TASK: Starting from the line that holds "remove the log.", output exactly each line through the end of the listing. Do not copy pictures.

DATASET EXCERPT:
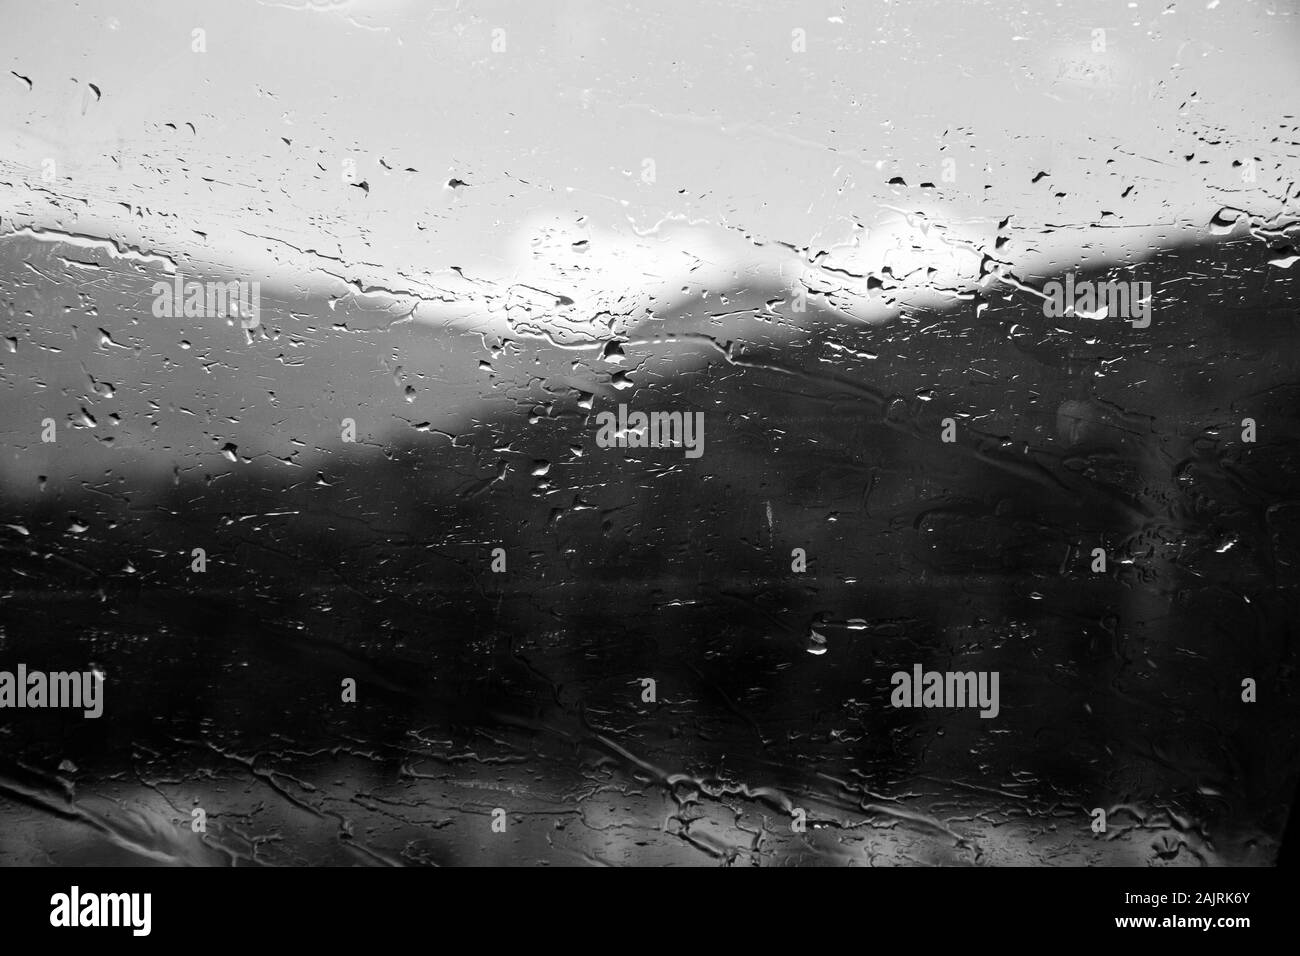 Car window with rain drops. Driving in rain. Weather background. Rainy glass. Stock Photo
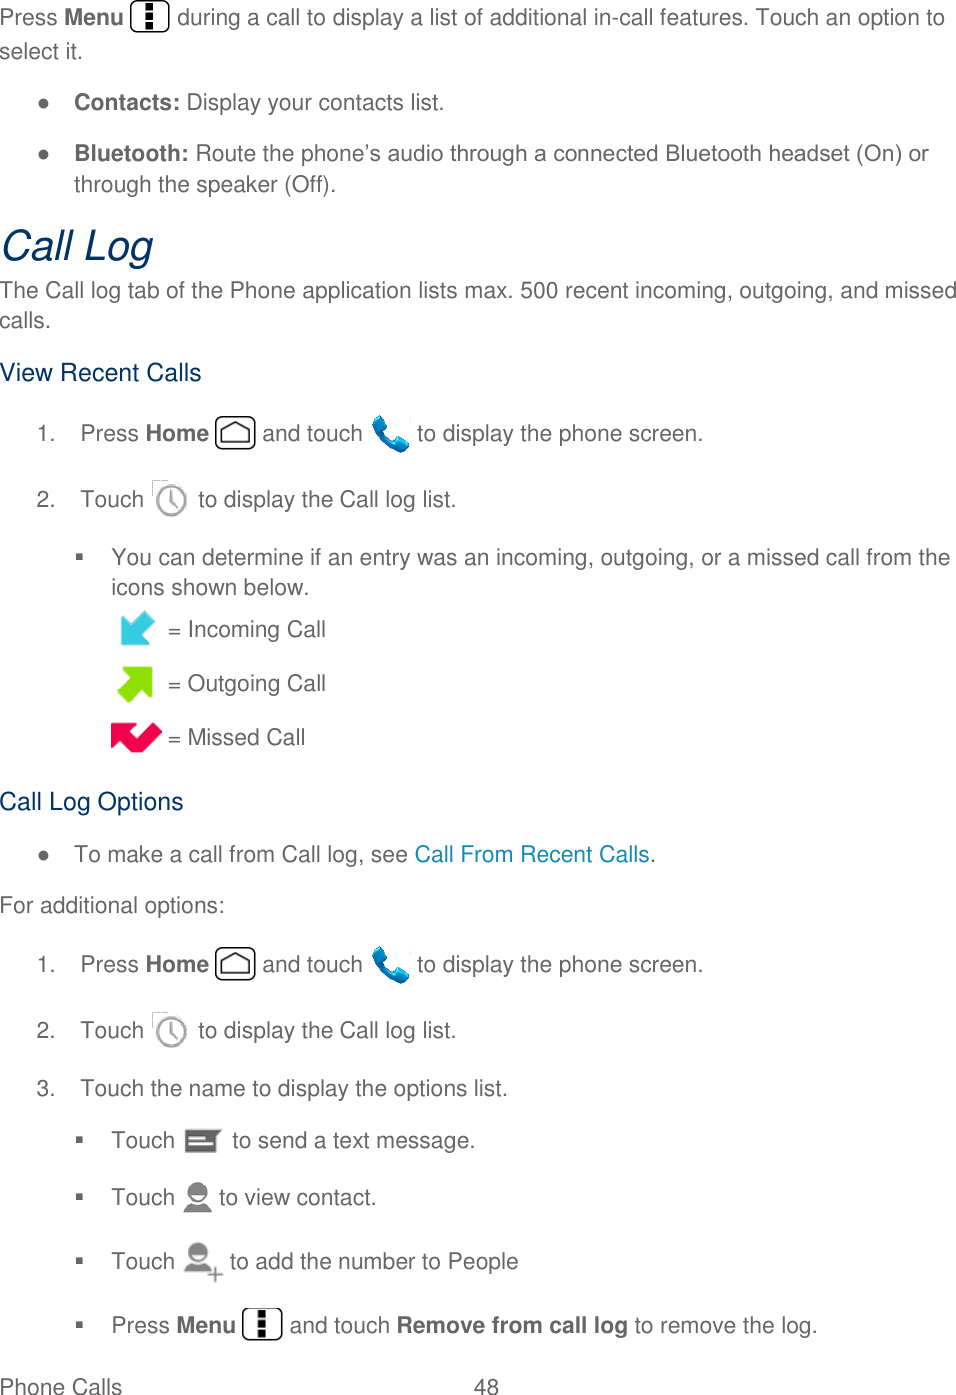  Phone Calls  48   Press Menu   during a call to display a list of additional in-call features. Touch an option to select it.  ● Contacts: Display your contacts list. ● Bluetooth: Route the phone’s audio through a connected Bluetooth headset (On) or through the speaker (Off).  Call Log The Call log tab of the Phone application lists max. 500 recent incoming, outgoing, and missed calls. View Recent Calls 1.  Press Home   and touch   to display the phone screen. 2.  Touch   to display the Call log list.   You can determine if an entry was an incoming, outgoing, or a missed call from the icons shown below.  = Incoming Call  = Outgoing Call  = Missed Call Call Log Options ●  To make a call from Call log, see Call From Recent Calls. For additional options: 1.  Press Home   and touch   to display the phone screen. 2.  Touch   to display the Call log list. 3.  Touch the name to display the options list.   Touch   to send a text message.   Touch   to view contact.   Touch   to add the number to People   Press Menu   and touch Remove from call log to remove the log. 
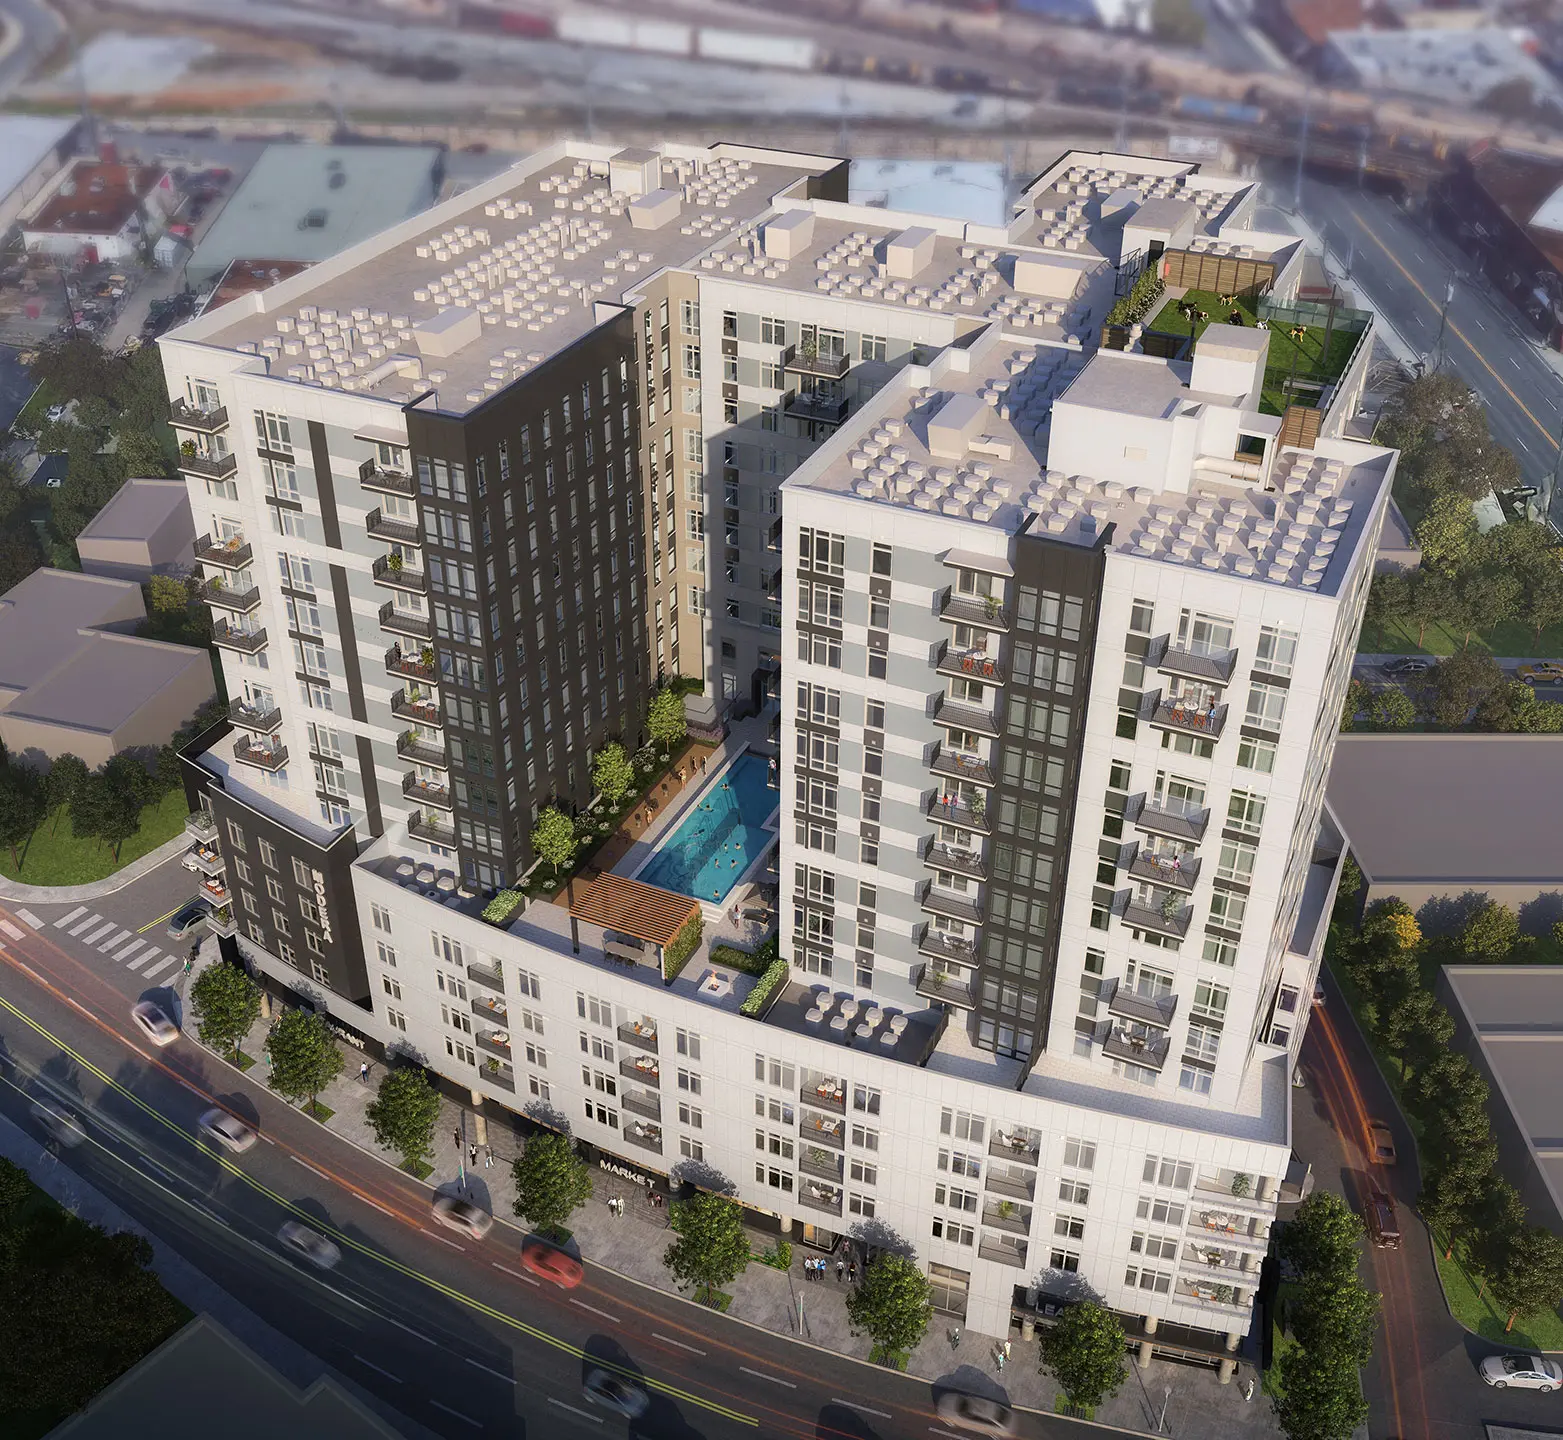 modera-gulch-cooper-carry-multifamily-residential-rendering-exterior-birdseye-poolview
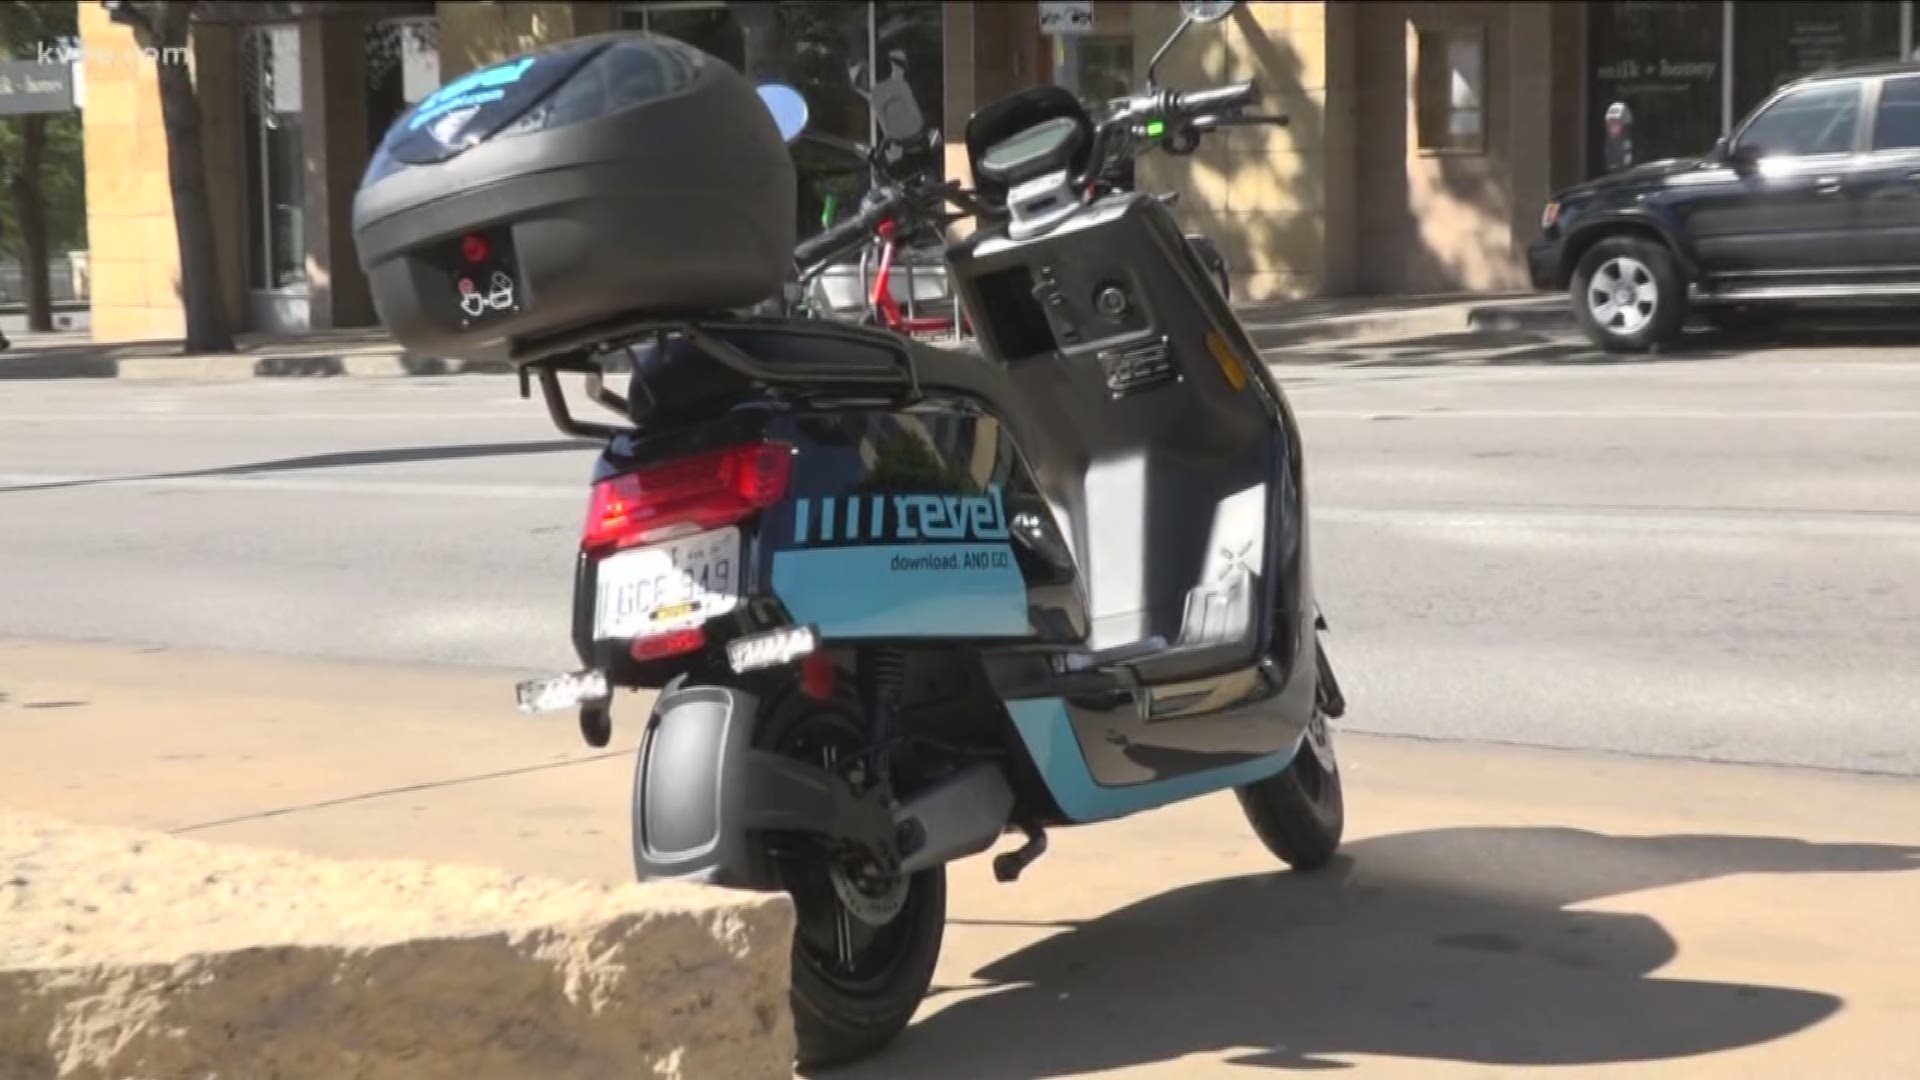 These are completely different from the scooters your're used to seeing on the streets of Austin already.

OUTPUT FOR THIS TASK:
  Phone Calls  48   Press Menu   during a call to display a list of additional in-call features. Touch an option to select it.  ● Contacts: Display your contacts list. ● Bluetooth: Route the phone’s audio through a connected Bluetooth headset (On) or through the speaker (Off).  Call Log The Call log tab of the Phone application lists max. 500 recent incoming, outgoing, and missed calls. View Recent Calls 1.  Press Home   and touch   to display the phone screen. 2.  Touch   to display the Call log list.   You can determine if an entry was an incoming, outgoing, or a missed call from the icons shown below.  = Incoming Call  = Outgoing Call  = Missed Call Call Log Options ●  To make a call from Call log, see Call From Recent Calls. For additional options: 1.  Press Home   and touch   to display the phone screen. 2.  Touch   to display the Call log list. 3.  Touch the name to display the options list.   Touch   to send a text message.   Touch   to view contact.   Touch   to add the number to People   Press Menu   and touch Remove from call log to remove the log. 
 modera-gulch-cooper-carry-multifamily-residential-rendering-exterior-birdseye-poolview
 These are completely different from the scooters your're used to seeing on the streets of Austin already.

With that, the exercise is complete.